Nevertheless, the CME said in its statement that “the deal would reinforce Microsoft’s advantage in the market by giving it control over important gaming content such as ‘Call of Duty,’ ‘Overwatch,’ and ‘World of Warcraft’.
“Microsoft already enjoys a powerful position and head start over other competitors in cloud gaming and this deal would strengthen that advantage giving it the ability to undermine new and innovative competitors,” Martin Coleman, the head of an independent panel that was picked by the UK Competition and Markets Authority, said in a statement on Wednesday.
Activision Blizzard’s stock price sank by some 10% in pre-market trading in reaction to the news while shares of Microsoft were up by more than 7.5% before the opening bell on Wall Street on Wednesday after an impressive earnings report beat analysts’ estimates.
Microsoft said in a statement it remained fully committed to this acquisition and would appeal.
“The CMA’s report contradicts the ambitions of the UK to become an attractive country to build technology businesses,” Activision Blizzard said in a statement. “We will work aggressively with Microsoft to reverse this on appeal.”
The company added: “The report’s conclusions are a disservice to UK citizens, who face increasingly dire economic prospects. Global innovators large and small will take note that – despite all its rhetoric – the UK is clearly closed for business.”

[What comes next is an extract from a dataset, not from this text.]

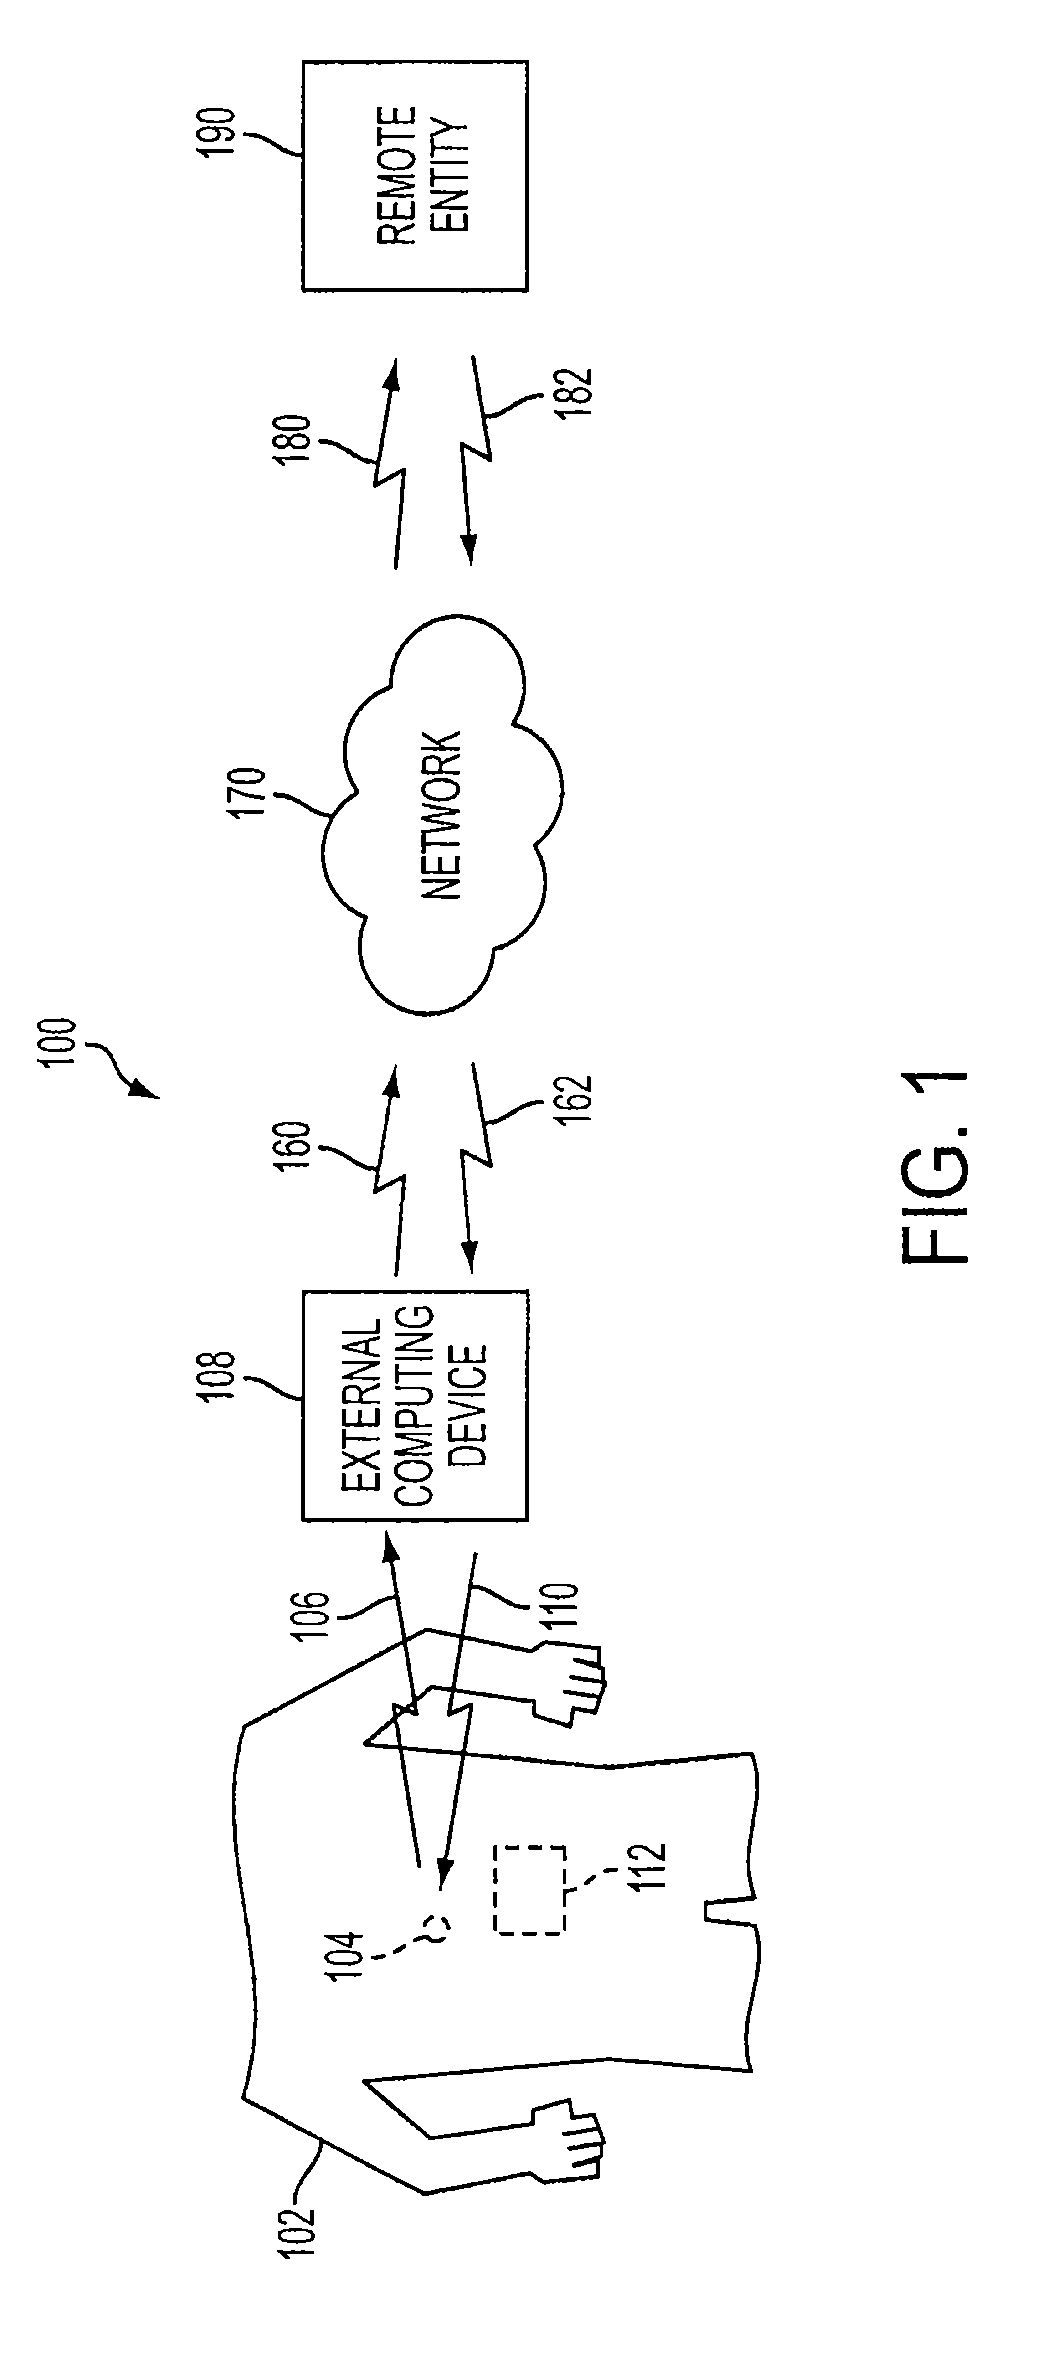 System and Method for Manufacturing a Swallowable Sensor Device

Bobby Kotick, the CEO of Activision Blizzard, wrote a memo to employees which read: “This isn’t the news we wanted — but it is far from the final word on this deal. Alongside Microsoft, we can and will contest this decision, and we’ve already begun the work to appeal to the UK Competition Appeals Tribunal.”
Wall Street analysts reacted to the news on Wednesday.
“We are surprised it would be cloud gaming considerations that would cause the UK to deny this deal,” Andrew Uerkwitz and Ed Alter wrote in a report for Jefferies Equity Research.
The analysts cited the “small size, slow adoption curve, and remaining technology hurdles that the cloud gaming market currently faces.”
Microsoft was feeling optimistic about winning the UK’s approval for the merger, particularly due to the sense that antitrust officials in Britain and Europe were showing signs of being swayed by the company’s pledges to give rivals such as Sony and Nintendo access to popular games including “Call of Duty.”
Microsoft, which owns the Xbox gaming console, had been working to win CMA approval by agreeing in recent weeks to give companies like Ubitus and Boosteroid access to Activision games on their cloud-based video game streaming services for 10 years.
It also signed a deal with Nintendo, which presently does not have access to “Call of Duty.”
Regulators were concerned that Microsoft would limit access to Activision’s games to subscribers of its “Game Pass” service, which would have put competitors at a disadvantage.
CMA said earlier this month it was only concerned about competition issues in the cloud and was no longer worried about Microsoft dominating the console market where it competes with Sony’s PlayStation.
The Windows software maker was banking on gaining final approval from UK antitrust officials as well as the European Commission this week, but Wednesday’s announcement from London has thrown a monkey wrench into those plans.
The FTC, led by antitrust hawk Lina Khan, filed a complaint on Dec. 8 seeking to stop the deal.